Doutora? Eu? Sim!

Há alguns dias, não escrevo. Falta-me assunto. O respeito aos leitores, embora poucos se aventurem a ler os meus escritos, não me permite ocupar-lhes o precioso tempo com textos mal elaborados, de pouca importância literária ou cultural. Bastam os que já lhes impingi em oportunidades de frágil inspiração como essa.

Sem um tema capaz de motivar o desejo de me expressar através das letras, resolvi compartilhar com o leitor certa mensagem eletrônica, recebida há poucos dias. Trata-se de algo que nos leva a refletir sobre o grande papel da mulher junto à família. Sua dedicação ao árduo e diuturno trabalho doméstico, ao bem estar do esposo, aos cuidados e à educação dos filhos enaltecem os feitos dessa grande heroína.

Diz a mensagem cibernética, que certa mulher, a quem darei o nome de Amélia – para compará-la, sim, à “mulher de verdade”, tão merecidamente enaltecida em versos do poeta-cantor – dirigiu-se ao balcão de uma empresa, a fim de atualizar o seu cadastro. A mocinha que a atendia, diligentemente lhe fez algumas perguntas:

– Qual a sua profissão?

Amélia era uma mulher simples, desprovida de qualquer qualificação constante do Código de Ocupações do Ministério do Trabalho. Não se assemelhava àquela jovem entrevistadora, não era médica, advogada ou professora. Ela pouco estudara, casara-se jovem, concebera quatro filhos, cuidava da casa, do marido e dos meninos. Não sabia como intitular-se. Depois de alguns segundos, respondeu:

– Sou mãe!

A moça disse-lhe que não podia considerar a maternidade como ocupação laboral; por isso, iria classificá-la como “dona de casa”.

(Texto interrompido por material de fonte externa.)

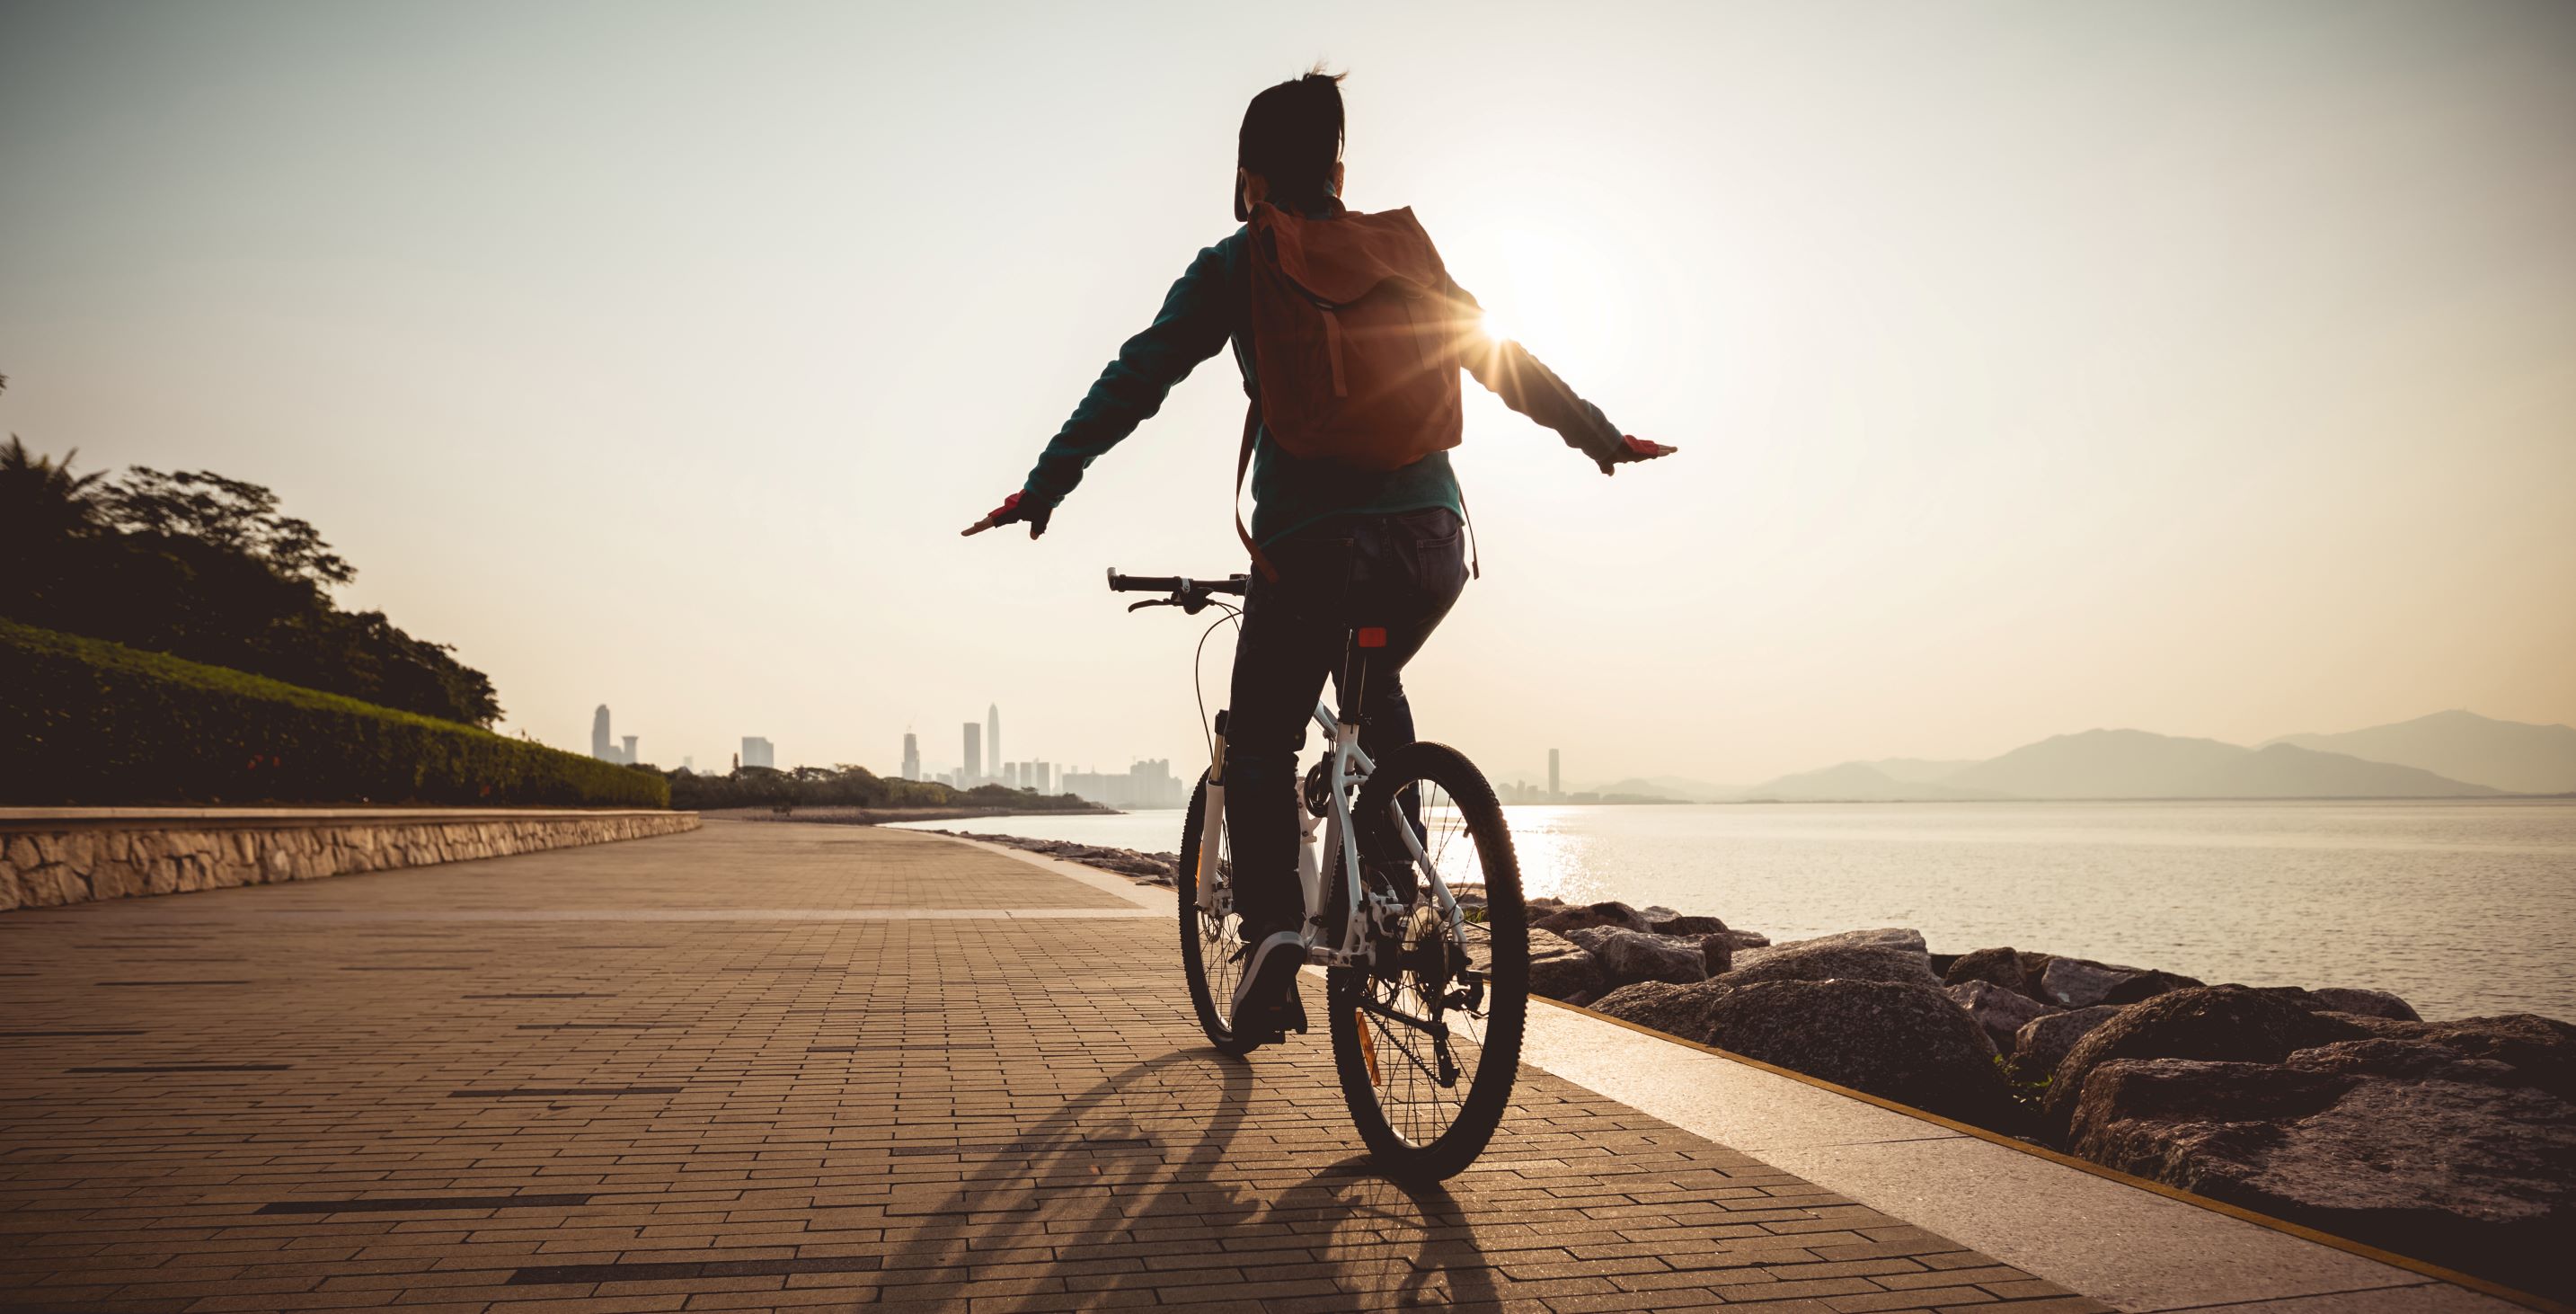 mentális jólét és kalóriaégetés kerékpározás közben

Amélia não questionou a insensibilidade da jovem. Não sabia como fazê-lo. Afinal, ela não tinha uma profissão. Era apenas a mãe de quatro filhos que ansiavam por seu retorno ao lar.

– Sim, sou mãe! – concluiu com altivez, ao levantar-se e dirigir-se à porta de saída.

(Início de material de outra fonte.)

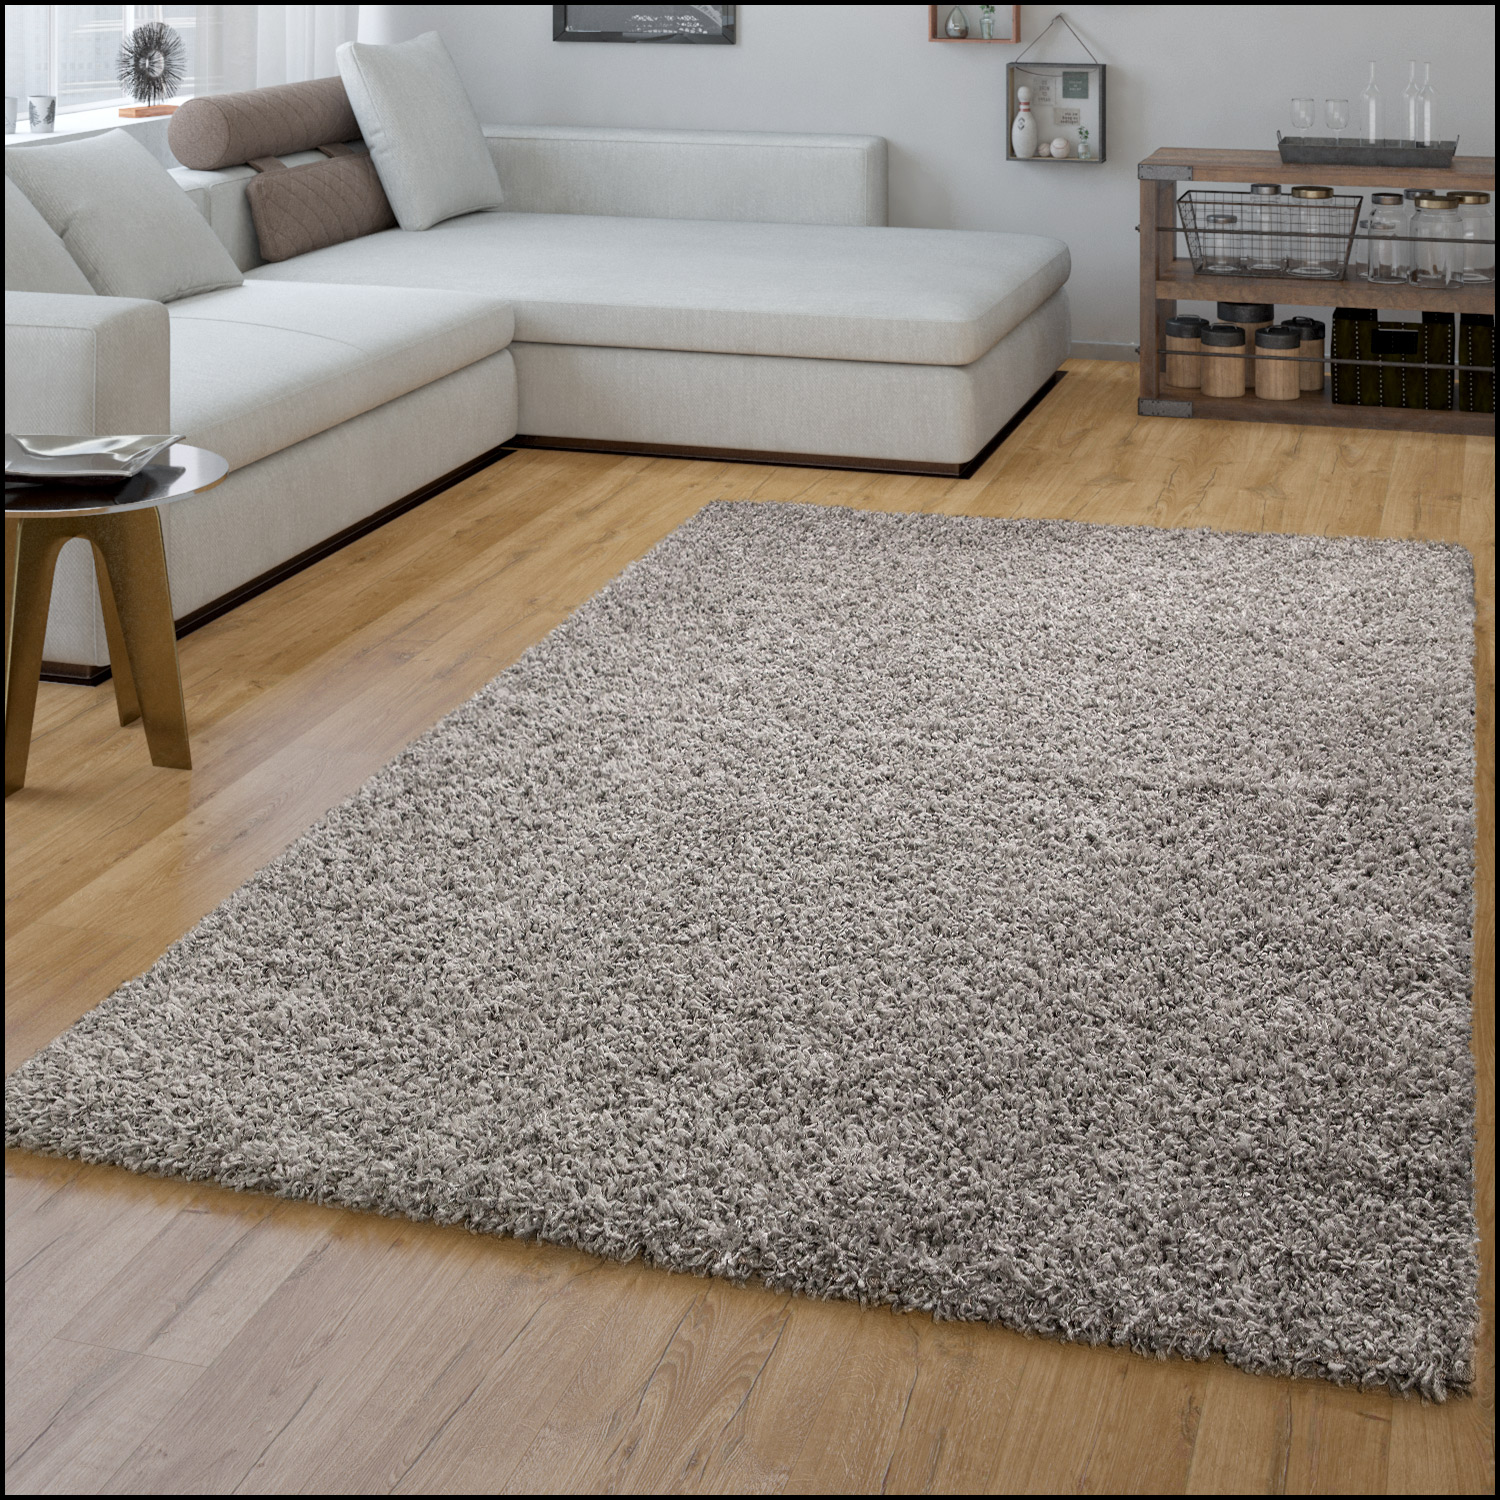 Modern Original Hochwertig Teppiche 'Solid' Beton Grau Best-Carpets Jede Größe

Uma amiga de Amélia, Marta, soube do ocorrido. Dias depois, foi fazer o mesmo cadastro.

– Qual a sua profissão? – indagou um funcionário obeso.

Marta estava preparada. Estudara com antecedência o que diria se lhe fosse feita a mesma pergunta que fizeram à Amélia. Respondeu de pronto:

– Doutora em Desenvolvimento Infantil e Relações Humanas. uma árdua e gratificante ocupação – disse com um sorriso nos lábios.

O moço, depois de fazer as anotações, perguntou-lhe:

– O que a senhora faz, exatamente?

– Desenvolvo um programa de longo prazo, dentro e fora de casa. Sou responsável por uma equipe de quatro pessoas. Trabalho em tempo integral e em regime de dedicação exclusiva, às vezes, de quatorze a vinte e quatro horas diárias.

O funcionário ficou impressionado. Ouviu o que dissera aquela senhora com o mais profundo respeito.

Ao retornar à casa, Marta foi recebida por sua equipe: uma menina de treze anos, uma de sete e outra de três, acompanhadas de um bebê de seis meses. Feliz, abraçou os filhos e deles ouviu suas reinvindicações:

– Mãe, onde está meu sapato?

– Ajude-me com as tarefas da escola!

– Você me busca no colégio?

– Mamãe, compra um celular pra mim…

Sentada em uma poltrona, com os filhos disputando espaço em seu colo, Marta estava orgulhosa do título profissional que se dera:

Doutora em Desenvolvimento Infantil e Relações Humanas.

E ainda pensou: “Como é bom ser especialista na arte de amar!”.